Título: Combined strategies for improving production of a thermo-alkali stable laccase in Pichia pastoris
Fonte: Electron. j. biotechnol;28:7-13, July. 2017. tab, graf, ilus.
Idioma: en.
Projeto: National Natural Science Foundation of China; . Fundamental Research Funds for the Central Universities.
Resumo: Background: Laccases are copper-containing enzymes which have been used as green biocatalysts for many industrial processes. Although bacterial laccases have high stabilities which facilitate their application under harsh conditions, their activities and production yields are usually very low. In this work, we attempt to use a combinatorial strategy, including site-directed mutagenesis, codon and cultivation optimization, for improving the productivity of a thermo-alkali stable bacterial laccase in Pichia pastoris. Results: A D500G mutant of Bacillus licheniformis LS04 laccase, which was constructed by site-directed mutagenesis, demonstrated 2.1-fold higher activity when expressed in P. pastoris. The D500G variant retained similar catalytic characteristics to the wild-type laccase, and could efficiently decolorize synthetic dyes at alkaline conditions.

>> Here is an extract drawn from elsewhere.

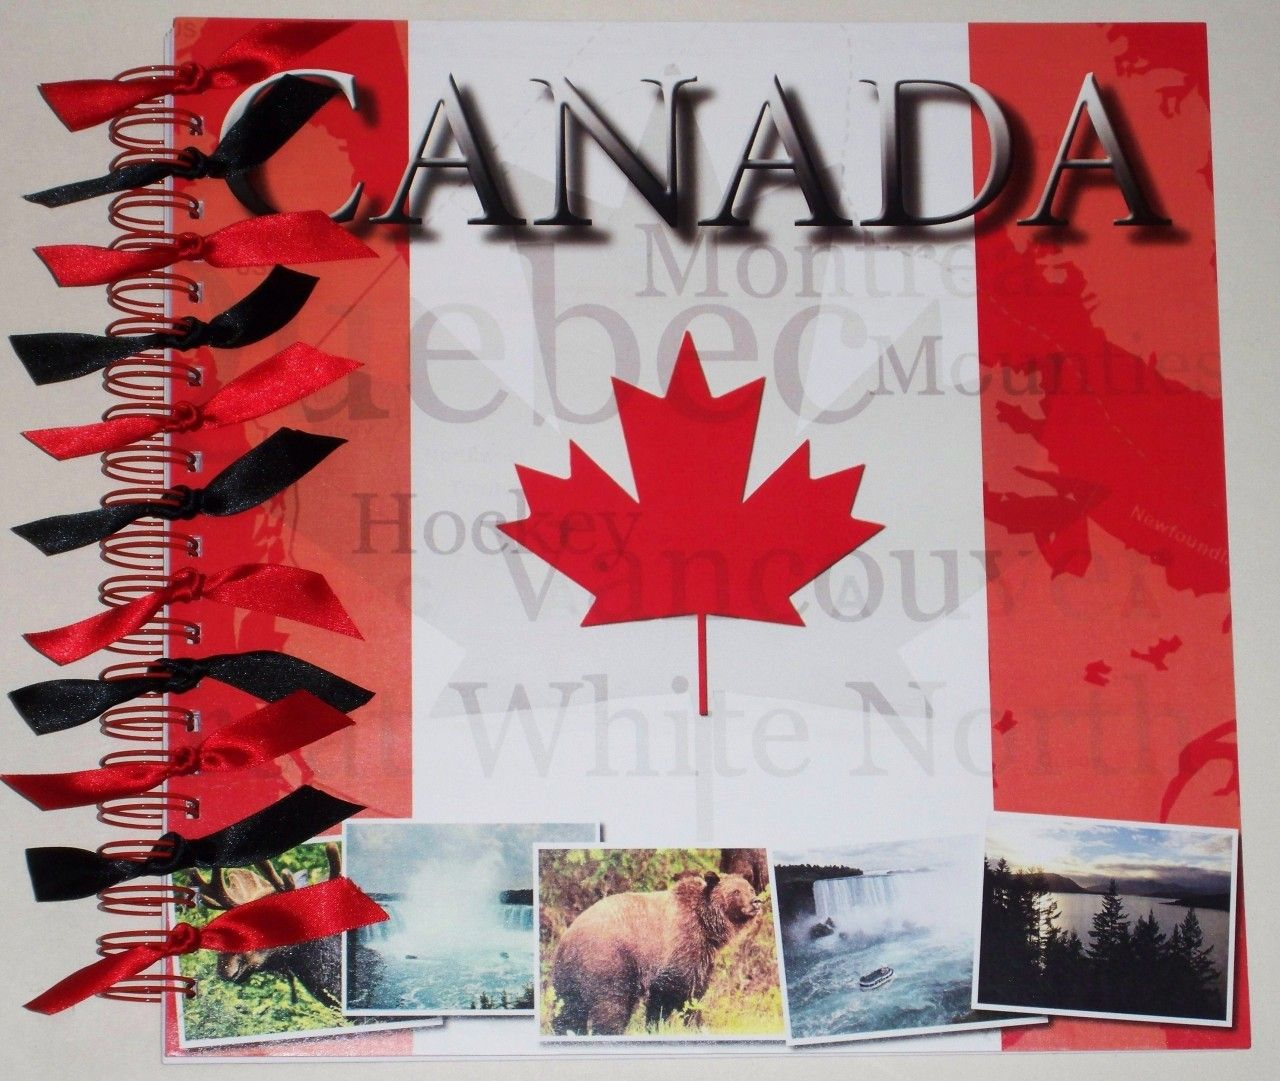 How to scrapbook memories - Scrapbook My Memories 12x12 Canada Holiday Travel Personalised Scrapbook Memory Book Photo

Various cultivation factors such as medium components, pH and temperature were investigated for their effects on laccase expression. After cultivation optimization, a laccase activity of 347 ± 7 U/L was finally achieved for D500G after 3 d of induction, which was about 9.3 times higher than that of wild-type enzyme. The protein yield under the optimized conditions was about 59 mg/L for D500G. Conclusions: The productivity of the thermo-alkali stable laccase from B. licheniformis expressed in P. pastoris was significantly improved through the combination of site-directed mutagenesis and optimization of the cultivation process. The mutant enzyme retains good stability under high temperature and alkaline conditions, and is a good candidate for industrial application in dye decolorization.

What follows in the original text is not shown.